Home Pastors Articles for Pastors 5 Major Distractions in Ministry

5 Major Distractions in Ministry

The term “scope creep” is a term consultants use when their clients expect more than what the project originally outlined. The idea is that the scope of the project is slowly getting bigger, usually in imperceptible increments.

Of course, no consultant wants scope creep to happen, but in an effort to please the client, it’s hard to prevent sometimes.

The same dynamic is ever present in ministry. It’s called “opportunity creep.”

What is “opportunity creep?”

It’s roughly the same idea, just applied to all of the positive ministry opportunities a pastor may face in the days and weeks of church life.

By calling it “creep” we are acknowledging that it’s all too easy to say yes too much. By positioning this as a problem, we are highlighting that a lack of “opportunity management” can distract and dilute our ministry efforts.
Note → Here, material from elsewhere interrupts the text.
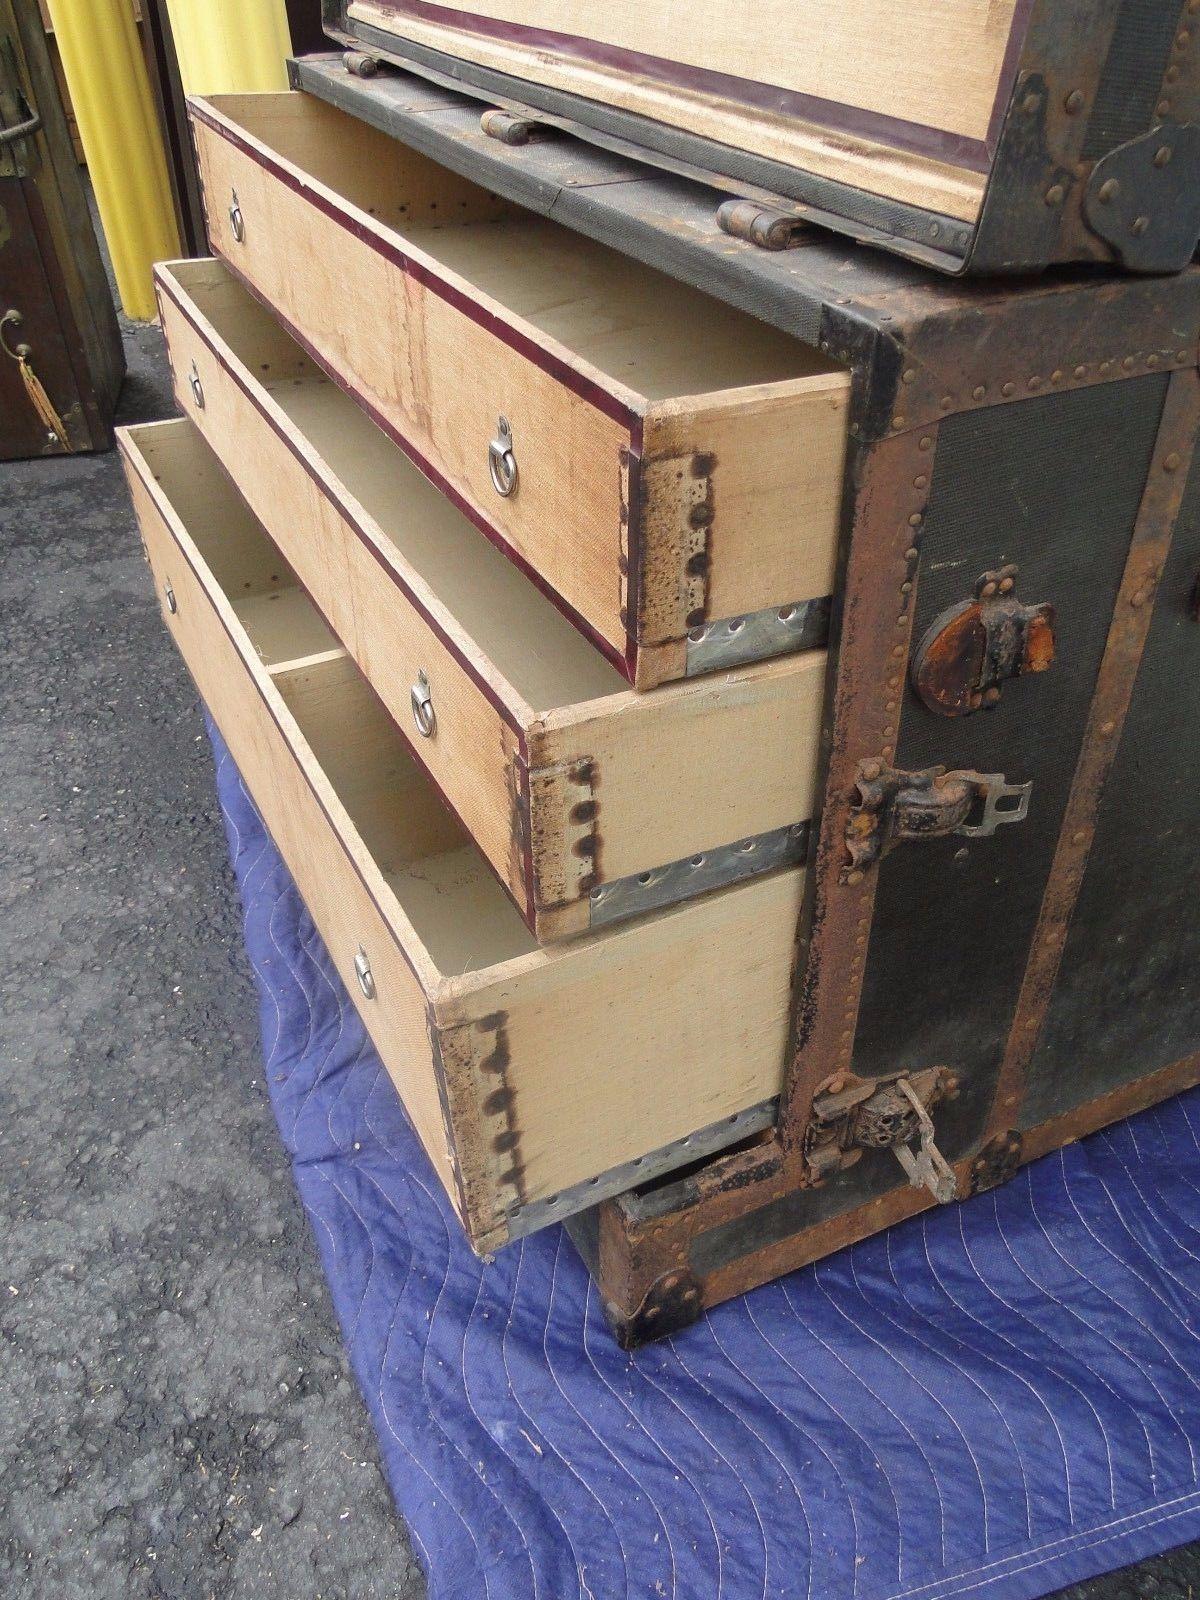 Rare Frank A Stallman Columbus Ohio Dresser Trunk Unusual | eBay - Rare Frank A Stallman Columbus Ohio Dresser Trunk Unusual

Think about how many kinds of opportunities cross a pastor’s path:

We serve a congregation that’s a bottomless well of members’ needs.

We are captured by the buzz of new ideas, new people and new initiatives happening in church space.

We live in communities riddled with issues that we would love to “missionally” engage.

We are digitally connected to an ocean of information and “friends.”

The bottom line: Church leadership is rich soil for opportunity creep.

It’s easy for opportunity after opportunity to press in and vie for the precious little time God has given you.

The first step to dealing with opportunity creep is to identify the sources of opportunities in a way that repositions them as distractions.

If we don’t understand that most opportunities are distractions in disguise, it will be hard to say “no” to the next seemingly “good” thing.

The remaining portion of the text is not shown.